- **ASSIGNED TASK**: Could you copy word for word only the lines between the one containing "2017-02-24 - Stessie" and the end of the listing below, both included, and leave out the pictures?

- **PROVIDED MATERIAL**:
+ + + + + + +
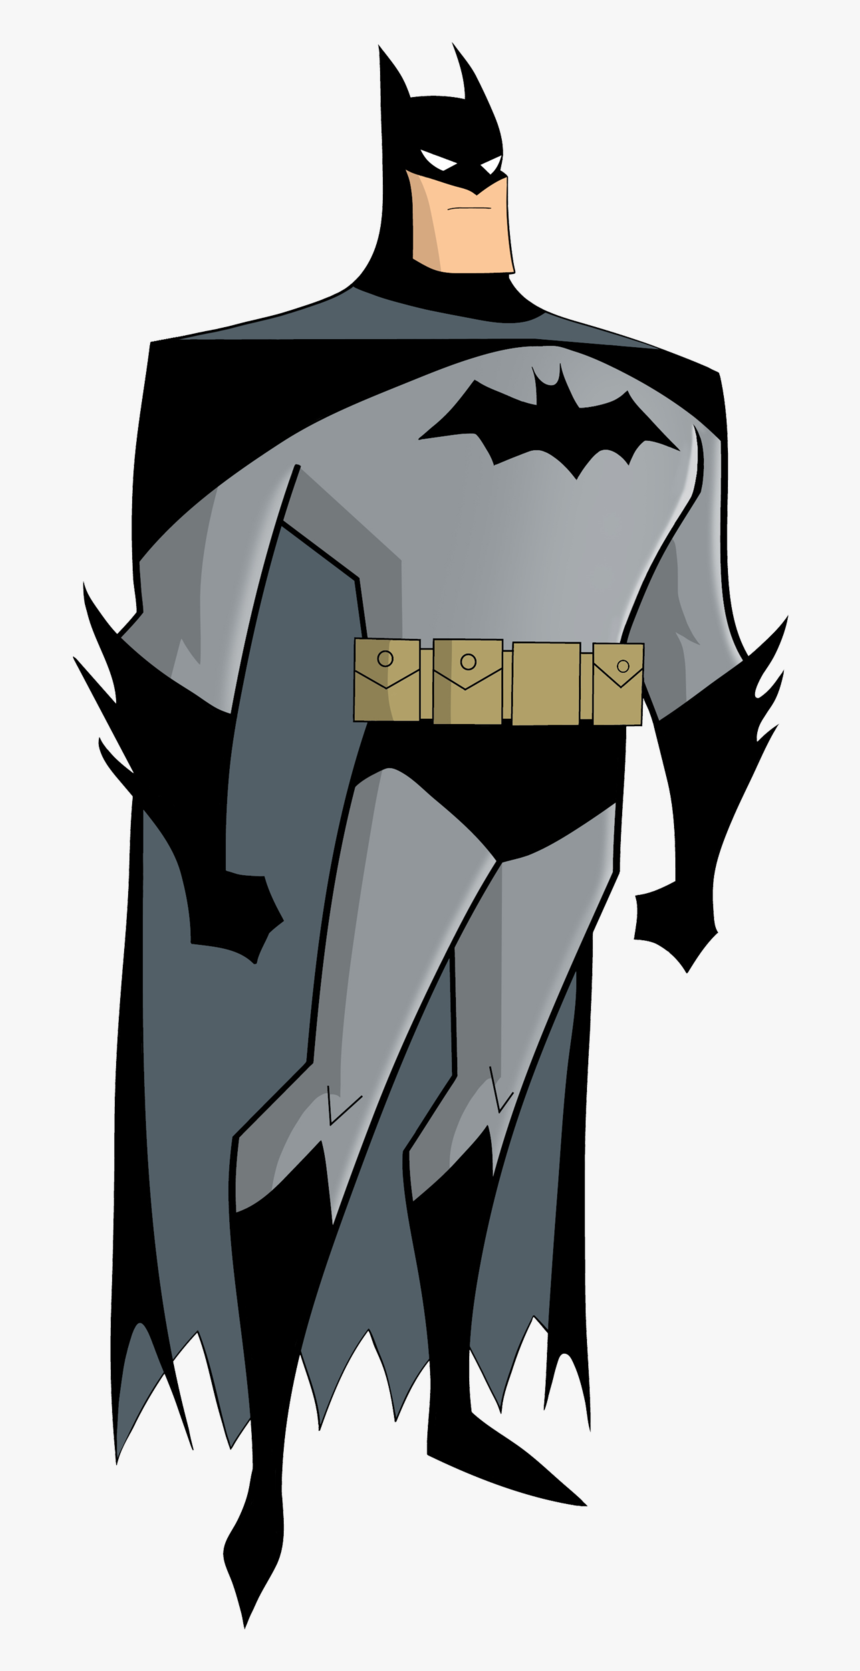 Vs Debating Wiki - Batman Animated Series Png, Transparent Png, Free Download
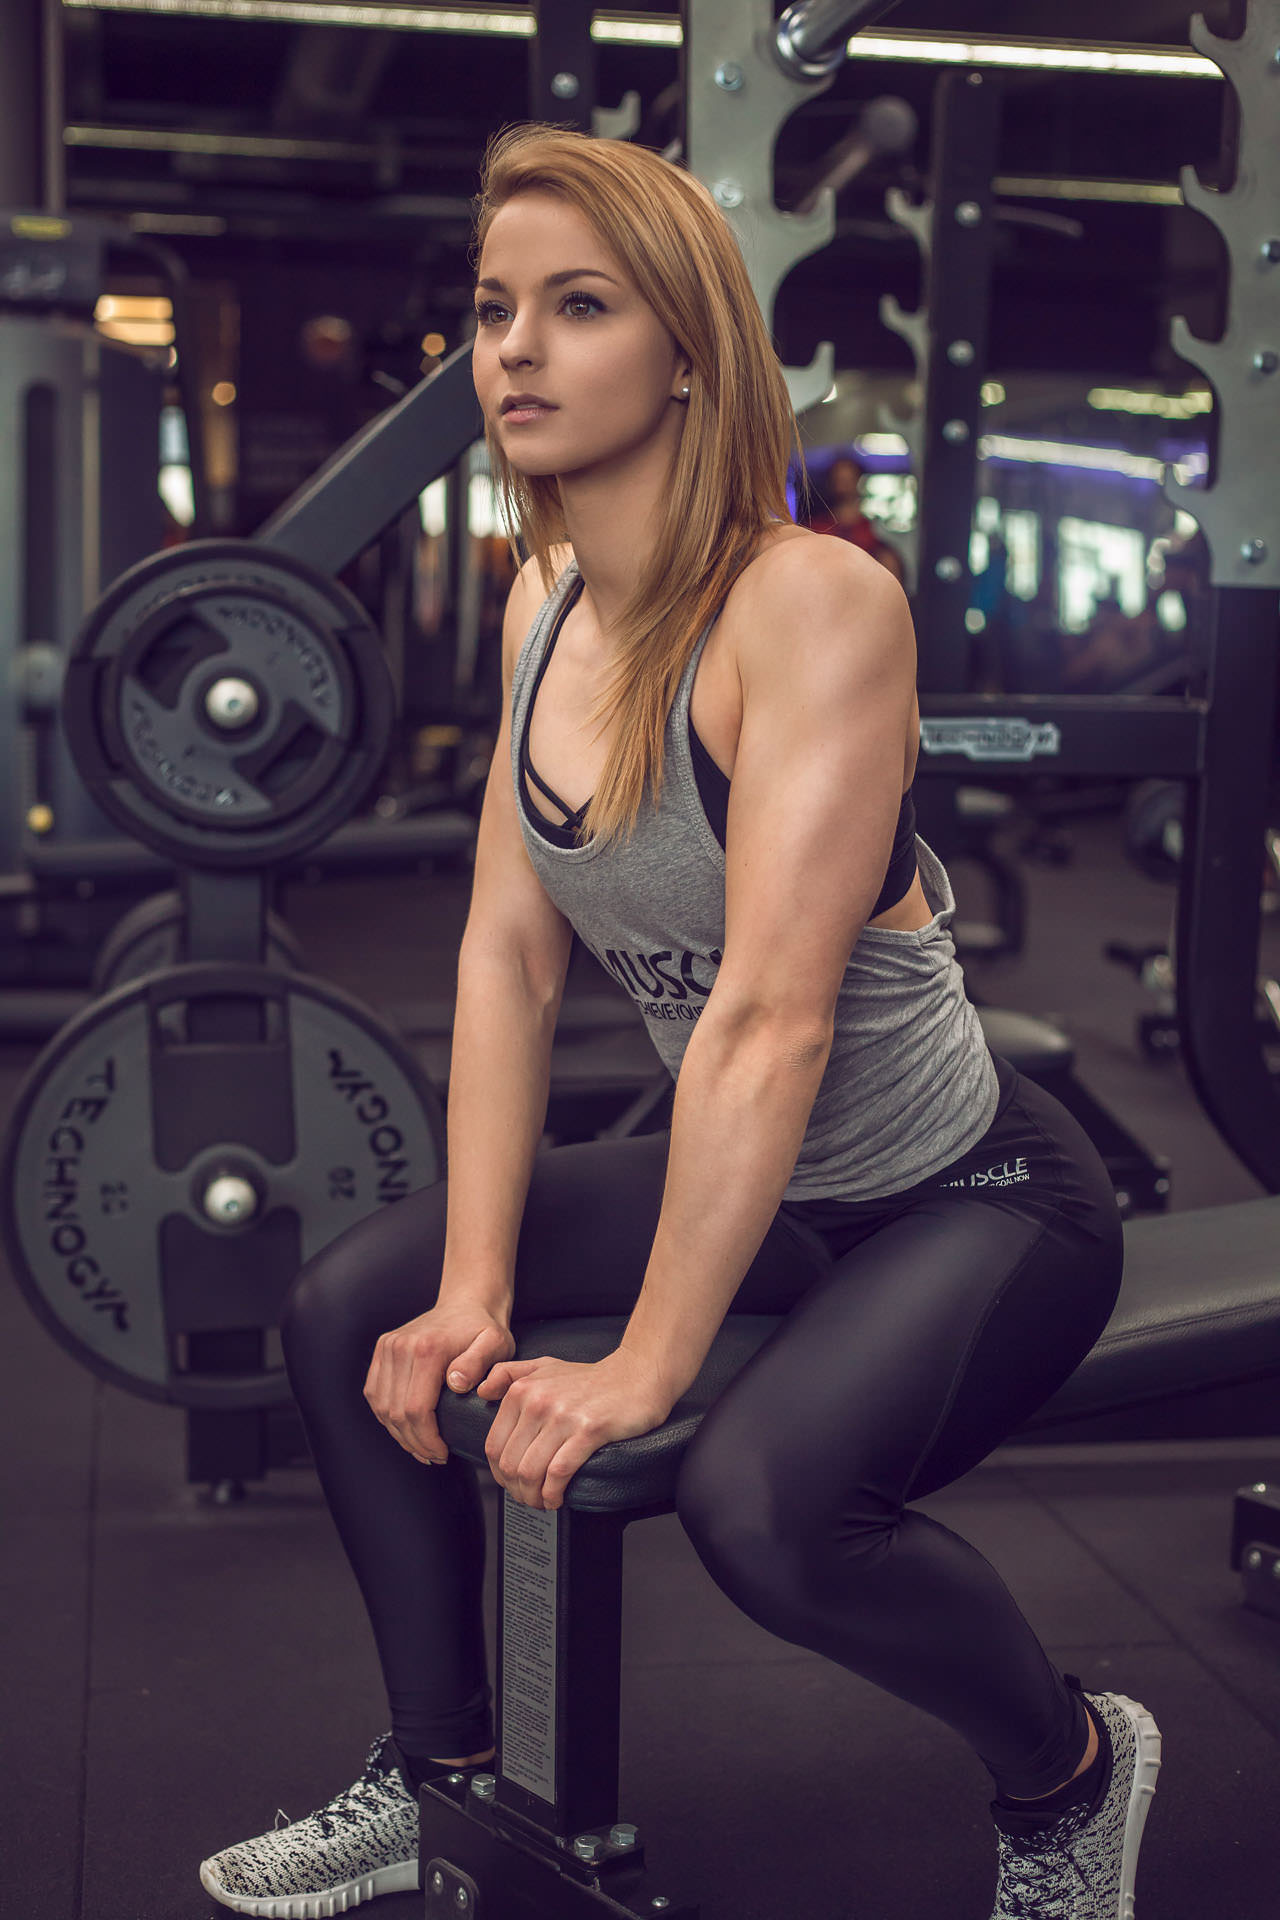 2017-02-24 - Stessie LittleBirds - MyMuscle - FitnessPark - 3191 - 1920px
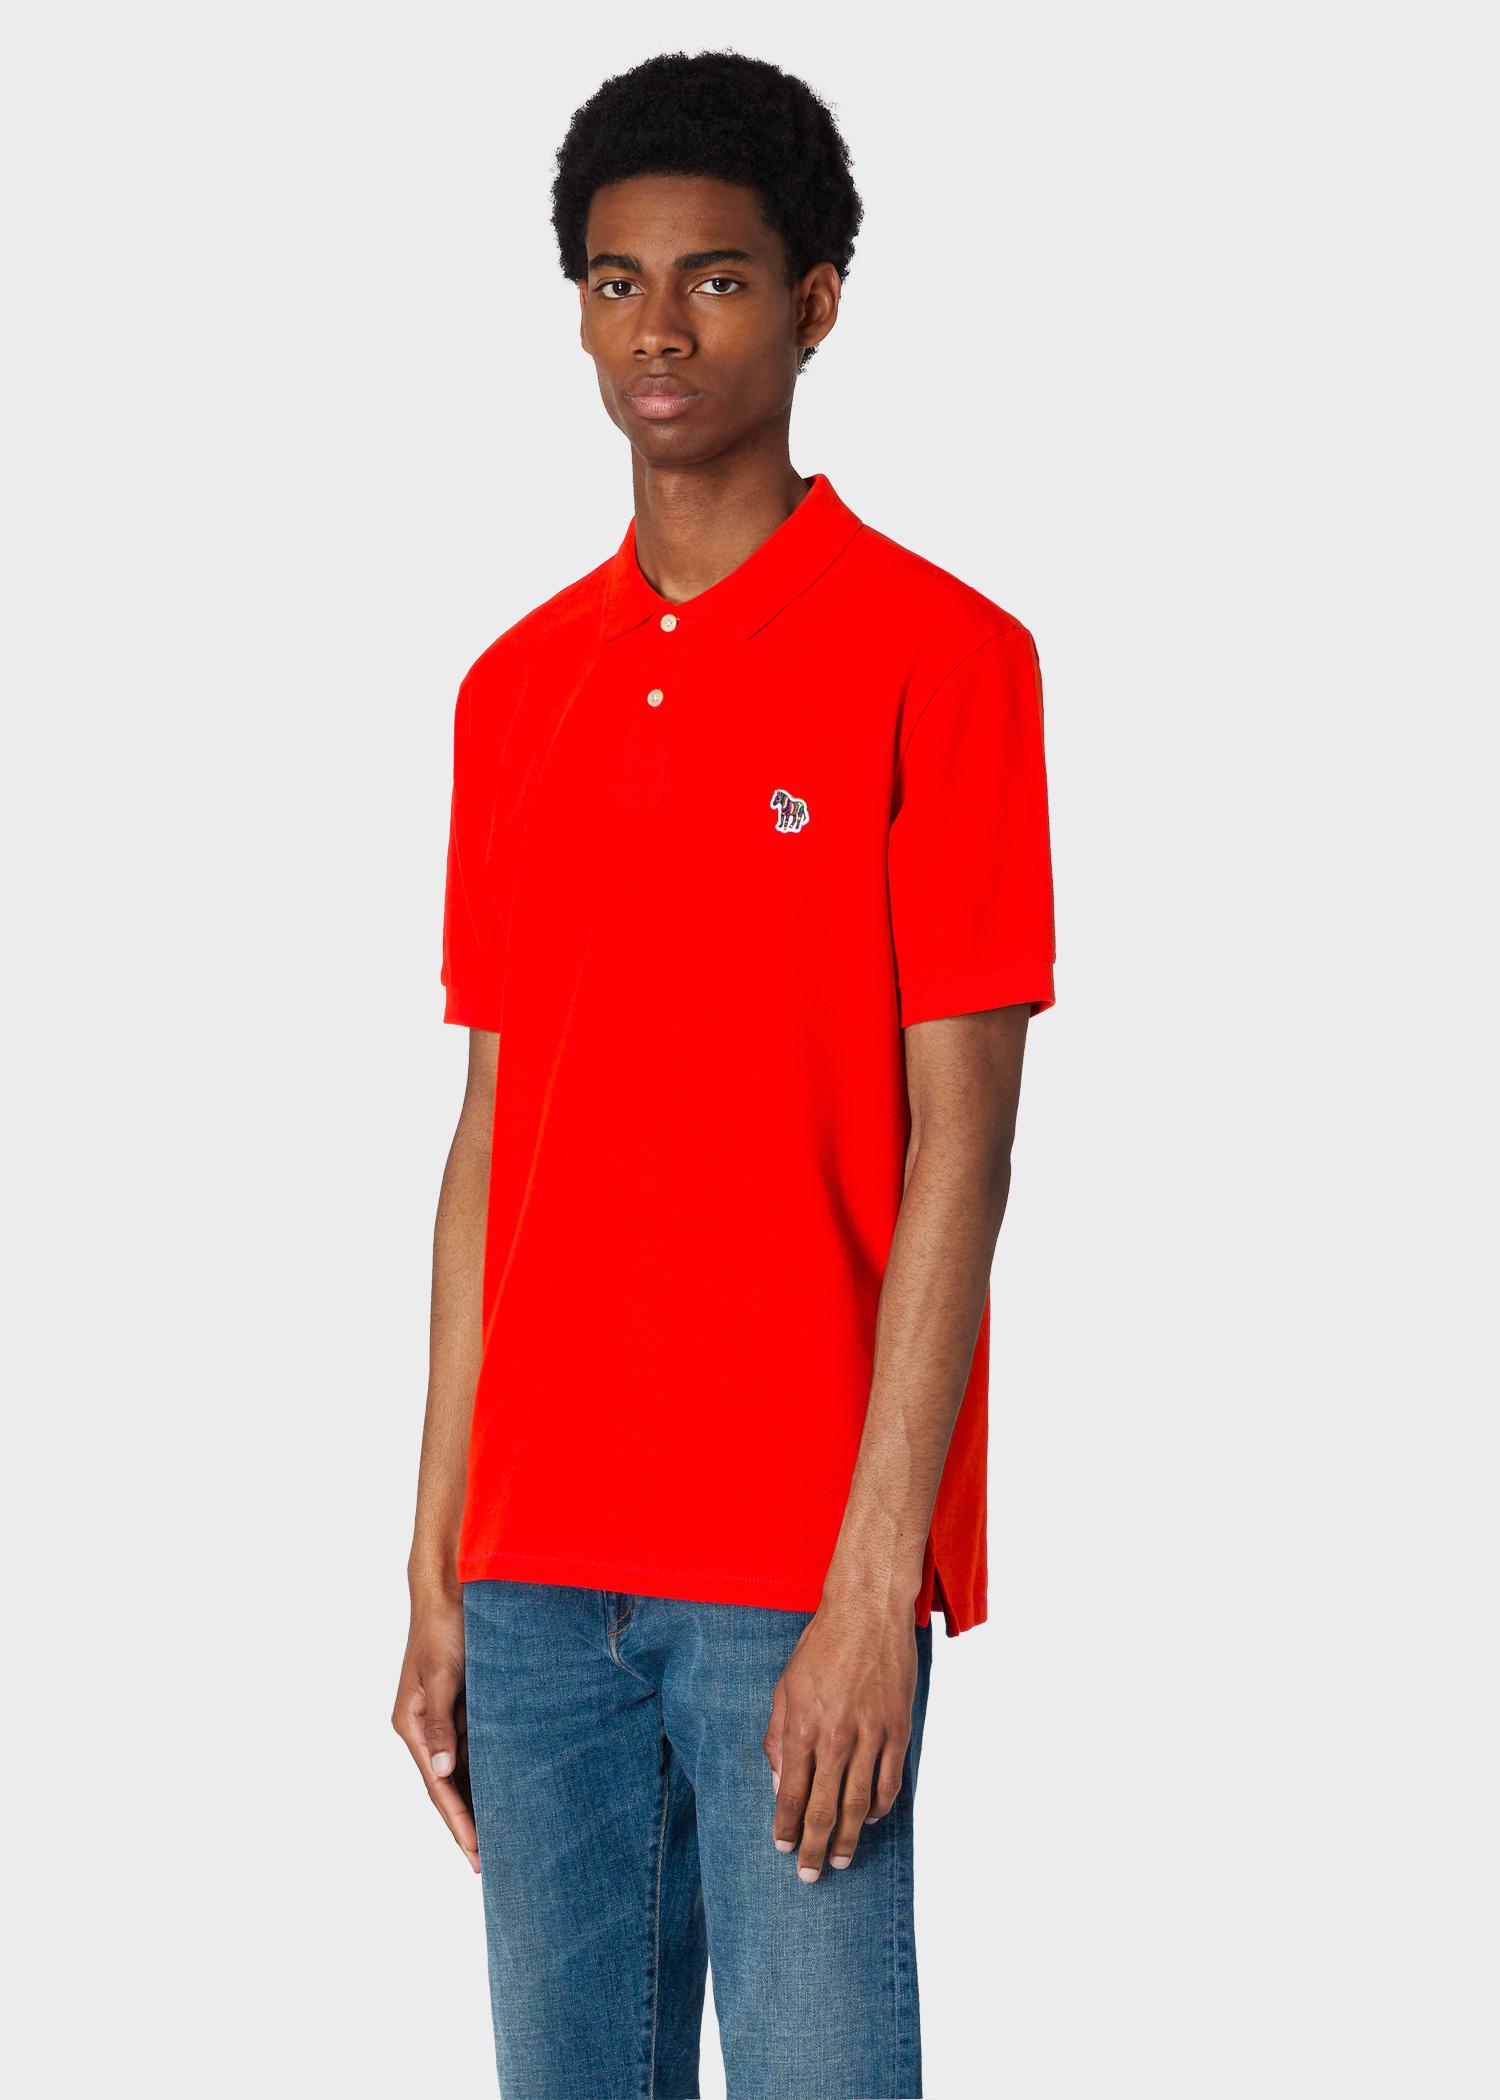 bab46e66 Model front close up - Men's Red Organic Cotton-Piqué Zebra Logo Polo Shirt  Paul
+ + + + + + +
- **TASK RESPONSE**:
 2017-02-24 - Stessie LittleBirds - MyMuscle - FitnessPark - 3191 - 1920px
 bab46e66 Model front close up - Men's Red Organic Cotton-Piqué Zebra Logo Polo Shirt  Paul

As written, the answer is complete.